Saalbau Waldorfschule Nürtingen

Mit einer Sonnenblume werden die Kinder an ihrem ersten Schultag von ihrem Klassenlehrer oder ihrer Klassenlehrerein in Empfang genommen. Sie begleiten und führen die Kinder durch die nächsten achte Schuljahre, begrüßen sie jeden Morgen zum Hauptunterricht und geben darüber hinaus auch den ein oder anderen Fachunterricht. In der Unterstufe, die die Klassen eins bis vier umfasst, steht ein stark bildhaft geprägter Unterricht im Mittelpunkt.

Nicht trockene und abstrakte Begriff, die die Kinder intellektuell ermüden, sondern lebensvolle Bilder, die die Phantasiekräfte der Kinder stärken, erhalten ihre gesunde Aufnahmefähigkeit. Die Erzählstoffe, aus denen sich diese Bilder entwickeln, sind in der ersten Klasse vor allem Märchen, in der zweiten Klasse Legende und Fabeln, in der dritten Klasse Texte aus dem Alten Testament und in der vierten Klasse die nordischen Götter- und Heldensagen.

Im Laufe der ersten Klasse werden alle Buchstaben eingeführt; erst werden sie geschrieben, dann wird das Selbstgeschriebene gelesen. In der zweiten Klasse wird das Lesen zielbewusster geübt und es wird ein Lesebuch eingeführt. So kommen die Kinder langsam und behutsam aus ihrer gegenständlichen Welt in eine Welt abstrakter Zeichen, der Übergang wird ihnen durch die Phantasiebilder leichtgemacht.

Neben dem Schreiben werden die Grundrechenarten eingeführt.

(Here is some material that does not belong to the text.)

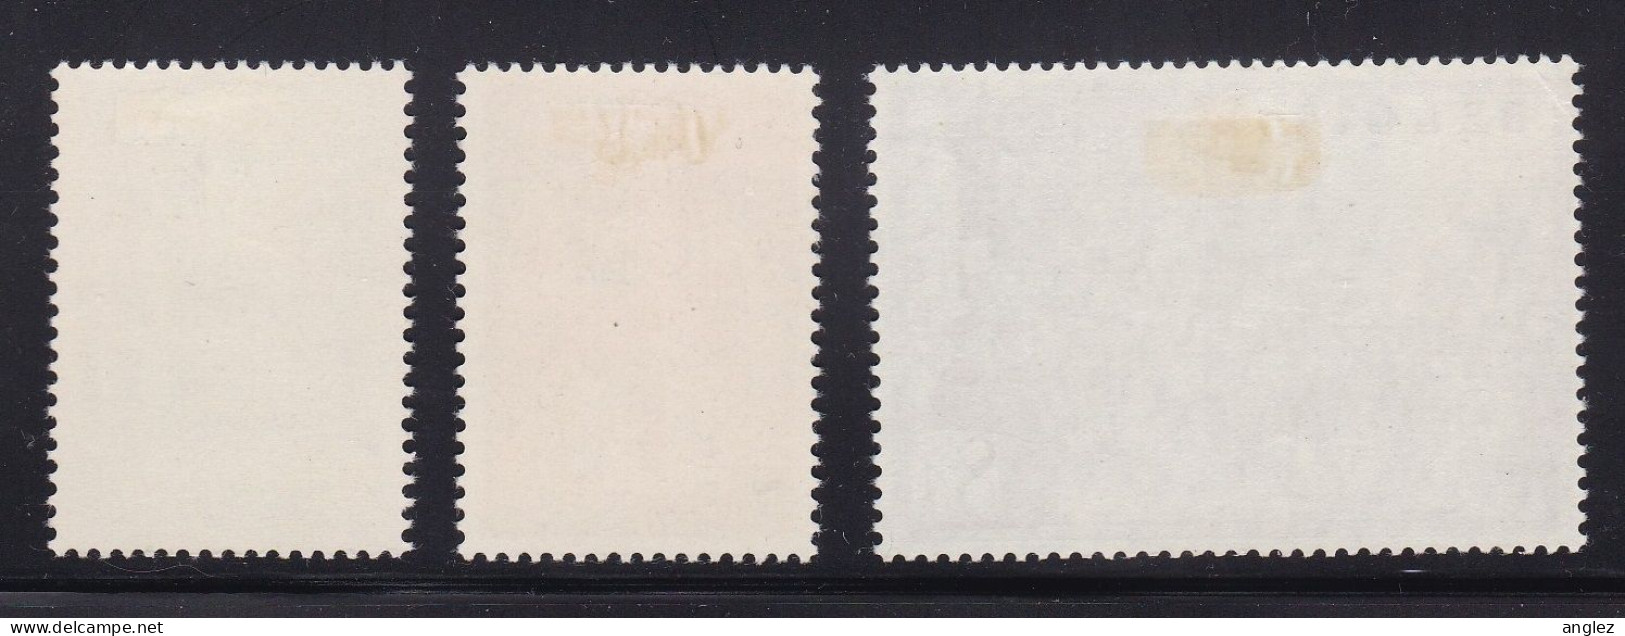 Belgium - 1952 Koekelberg Basilica Fund Charity Set 3v MH - Unused Stamps
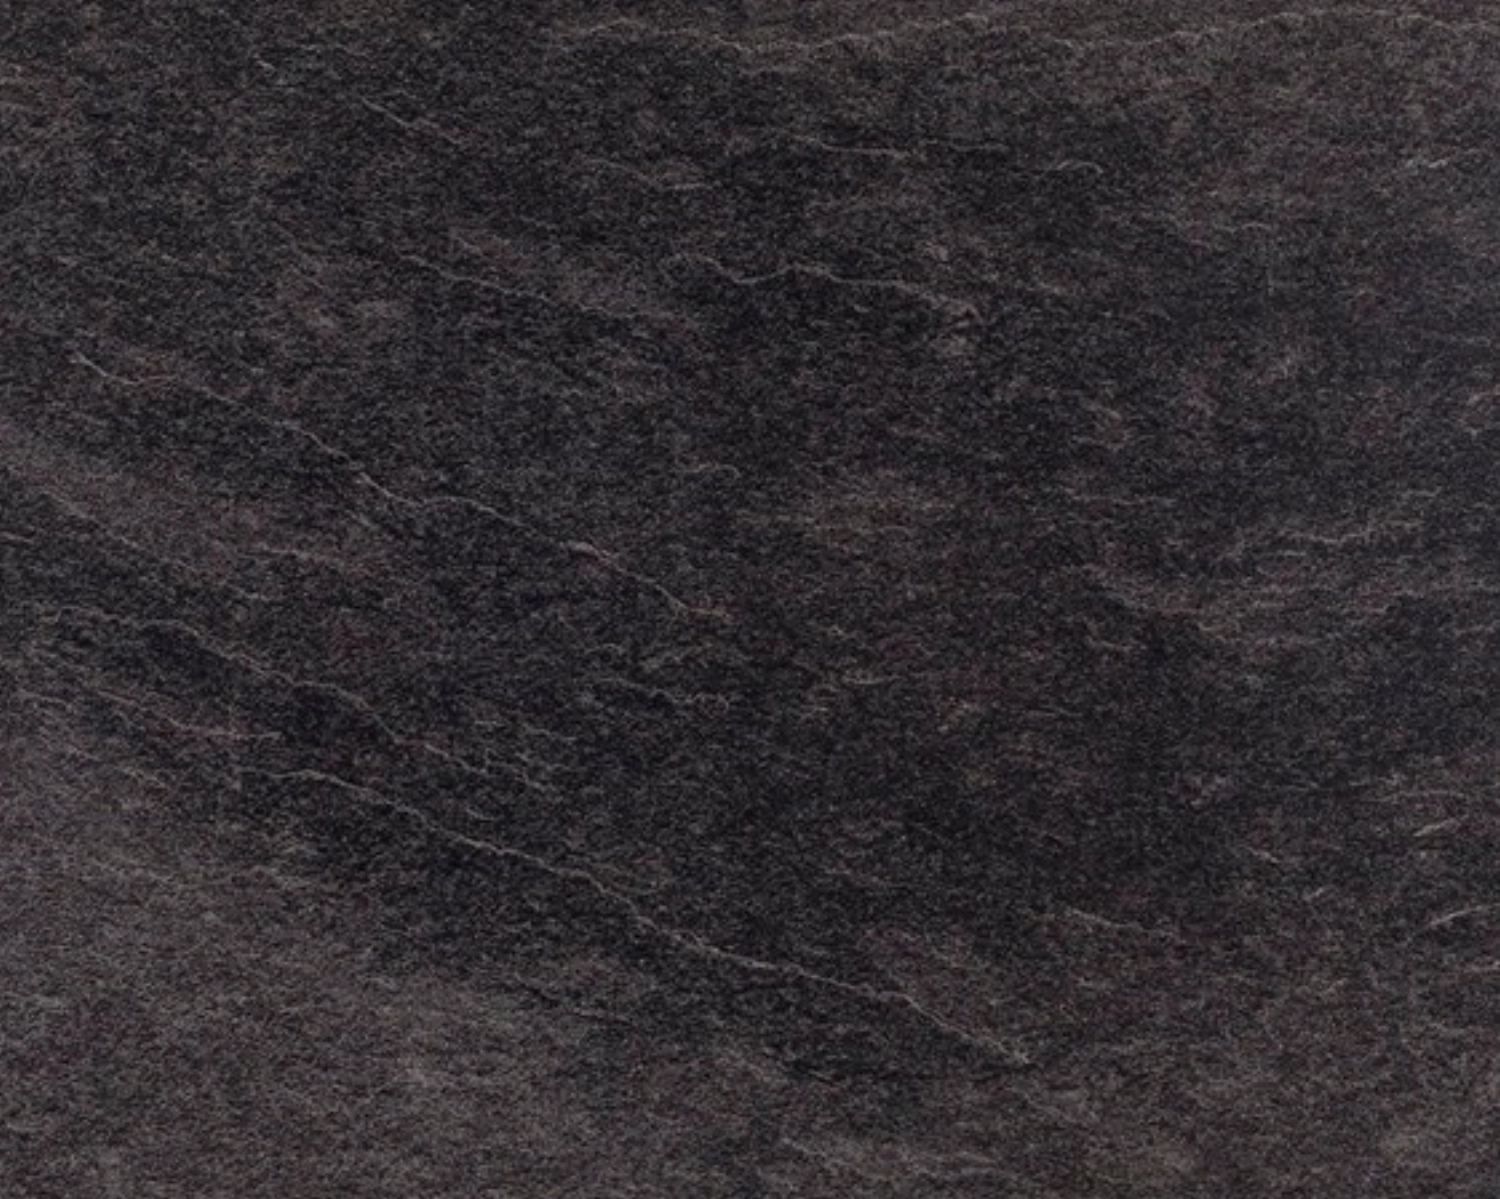 Tablett Euronorm Dark Marble 53x37cm

Dabei werden die Zahlen als Teile einer Einheit betrachtet: Es wird ein Bort, eine Wegstrecke oder ein Königreich geteilt. Beim Teilen können die Kinder durch die vielen Variationsmöglichkeiten schöpferischer denken als beim festgelegten Addieren. Das Einüben von Zahlenreihen geschieht durch Bewegung (Schritte, Stampfen, Händeklatschen) und Rhythmus spielerisch und einprägsam zugleich. In der zweiten Klasse können die Kinder das ganze Einmaleins aus der Bewegung heraus vorsprechen.

Um das 9. Lebensjahr herum, also in der dritten oder vierten Klasse, tritt das Kind in ein neues Entwicklungsstadium ein. Neue Unterrichtsfächer wie Sachkunde, Heimatkunde und Tierkunde kommen der nun erwachten Fähigkeit der Beobachtung und der starken Lernbegierde entgegen und verbinden die Kinder jetzt verstärkt mit der Außenwelt. In der Heimatkunde werden die unmittelbare Umgebung, ihre Bebauung und ihre Geschichte besprochen. Die Kinder machen mit ihrem Klassenlehrer Ausflüge in die Innenstadt Nürtingens und erkunden zu Fuß den Turm der Stadtkirche oder das Stadtmuseum. Geschichten und Beobachtungen werden von den Kindern in Zeichnungen und Bildern festgehalten.

Der Hausbauepoche in der dritten Klasse geht eine Einführung in die Welt der Maßeinheiten voraus. Die Kinder erfahren, wie Längenmaße in alten Zeiten am Menschen selbst mit Elle und Fuß abgelesen wurden. Dann beginnen sie, in unseren heutigen abstrakten Maßen zu rechnen. Klassenzimmer, Kinderzimmer, Gärten und Schulwege werden ausgemessen, Längen, Flächen und Rauminhalte berechnet. Dieses Wissen wird in der Praxis erprobt, wenn die Klasse ein „richtiges“ Haus baut: Das kann beispielsweise ein gemauerter Stall für unsere Tiere oder ein Unterstellplatz für die Fahrräder des Kindergartens sein – jeder Klasse fallen neue Bauwerke ein, die mit Begeisterung und viel Einsatz errichtet werden und die die Kinder später immer an ihre Unterstufenzeit erinnern.